Segment Start: Supplied data

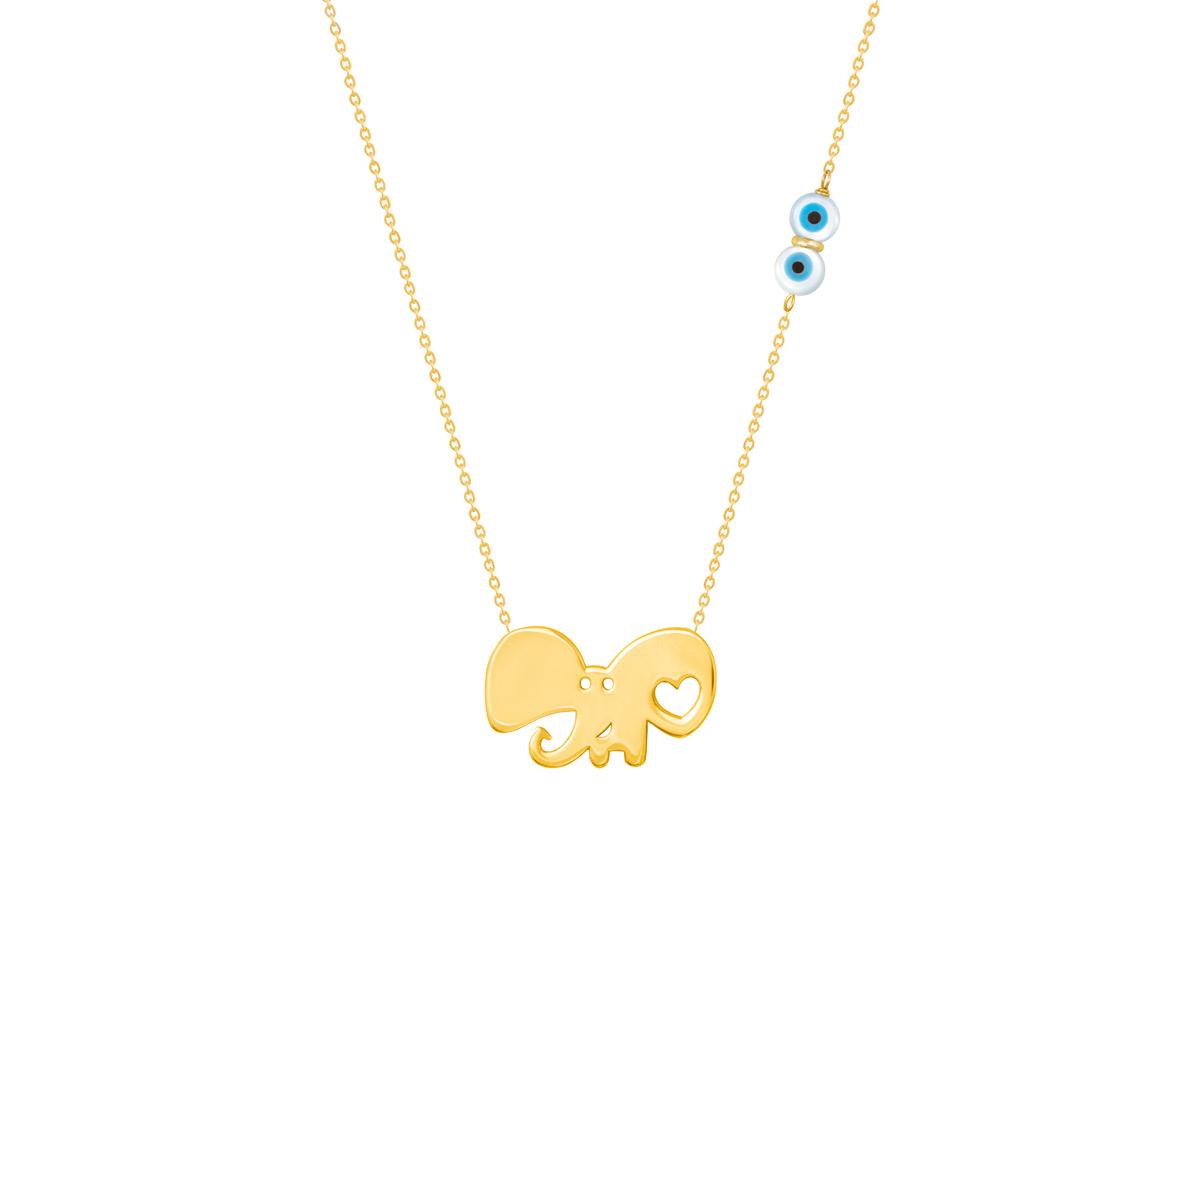 گردنبند طلا دخترانه فیل و فلب |parasteh
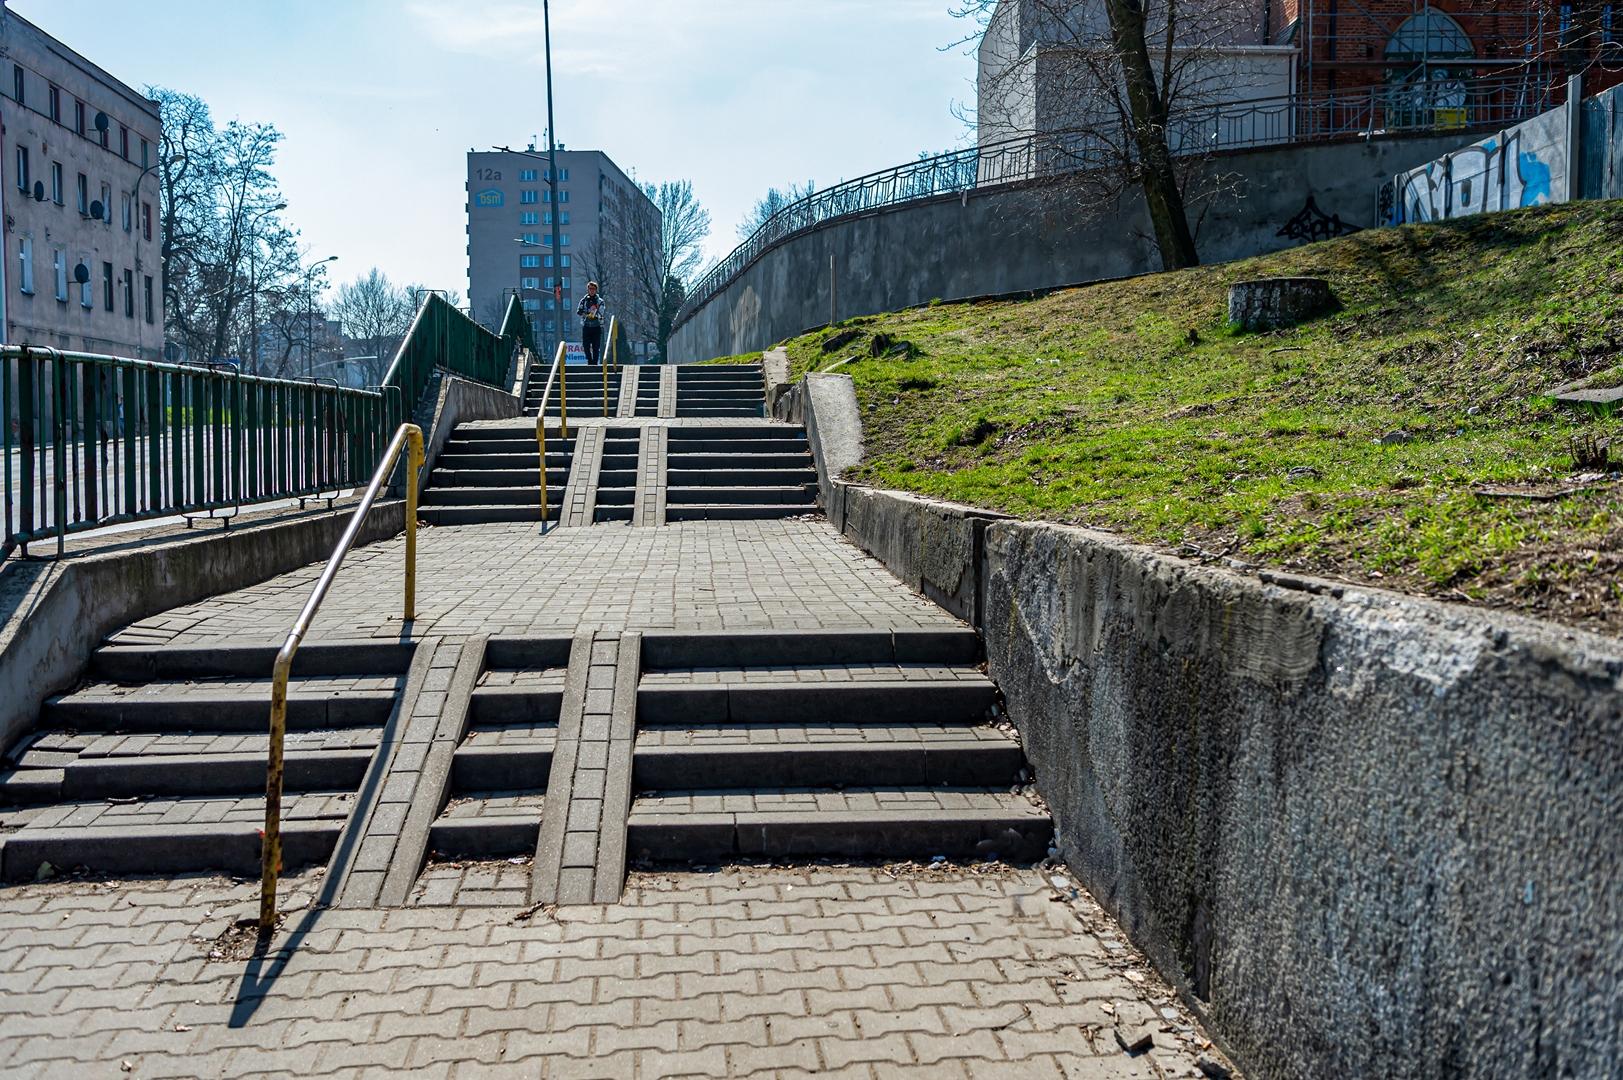 2021 rok pod znakiem inwestycji drogowych - modernizacja i dostosowanie do potrzeb osób niepełnosprawnych ciągu komunikacyjnego Śródmieście - Rozbark przy ul. Chorzowskiej znajdującego się obok powstającego Centrum Sportów Wspinaczkowych i Siłowych
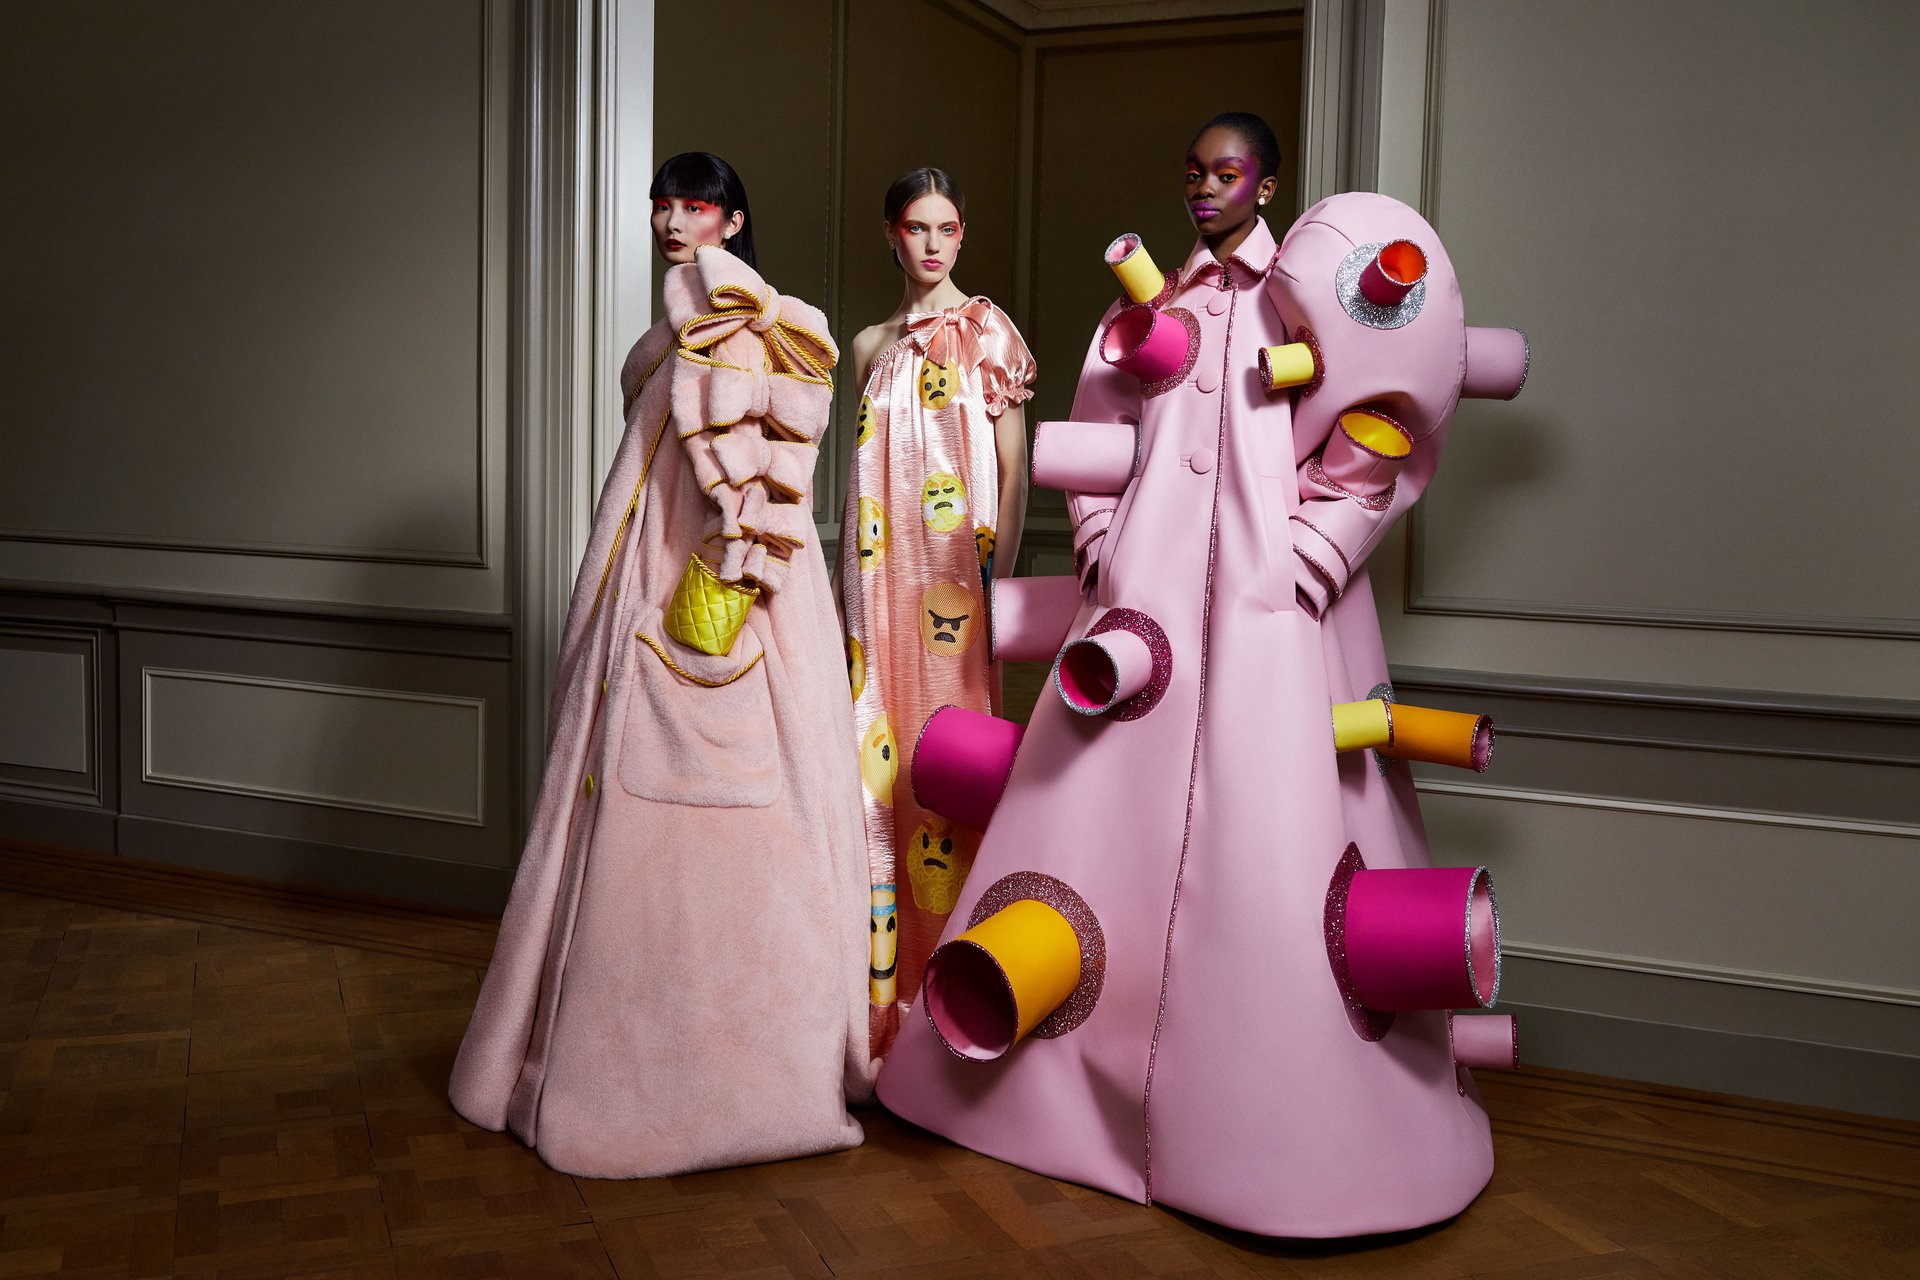 Viktor & Rolf representa a través de la ropa las etapas emocionales que todos hemos atravesado por la pandemia
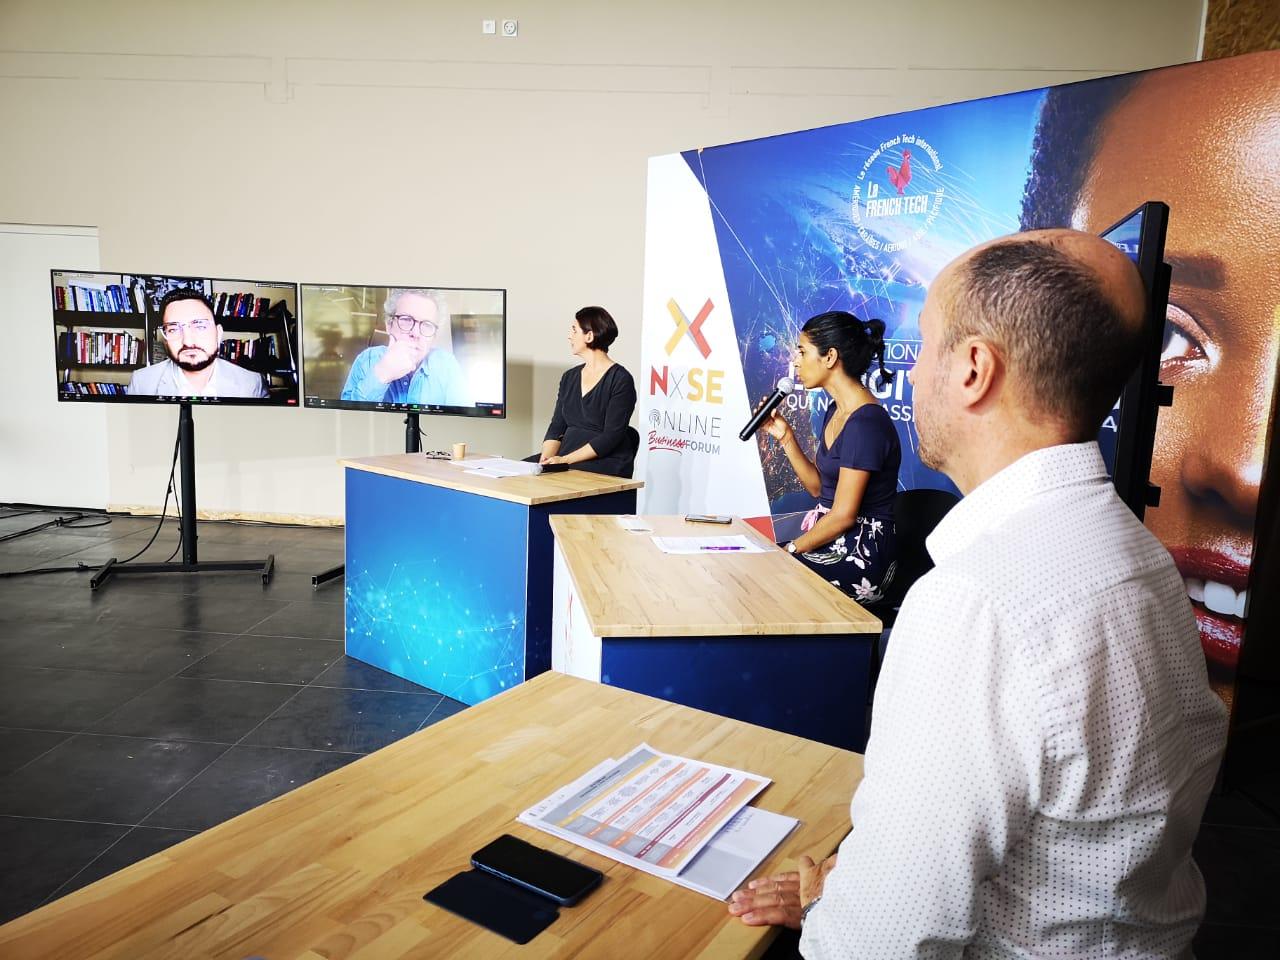 Plateau web TV NxSE - Conférence en live - Crédit Photo Stéphane Tariffe

Segment End: Supplied data

**What is needed**.
Could you retype every line above exactly as it appears, skipping the pictures?

**Task result**.
 گردنبند طلا دخترانه فیل و فلب |parasteh
 2021 rok pod znakiem inwestycji drogowych - modernizacja i dostosowanie do potrzeb osób niepełnosprawnych ciągu komunikacyjnego Śródmieście - Rozbark przy ul. Chorzowskiej znajdującego się obok powstającego Centrum Sportów Wspinaczkowych i Siłowych
 Viktor & Rolf representa a través de la ropa las etapas emocionales que todos hemos atravesado por la pandemia
 Plateau web TV NxSE - Conférence en live - Crédit Photo Stéphane Tariffe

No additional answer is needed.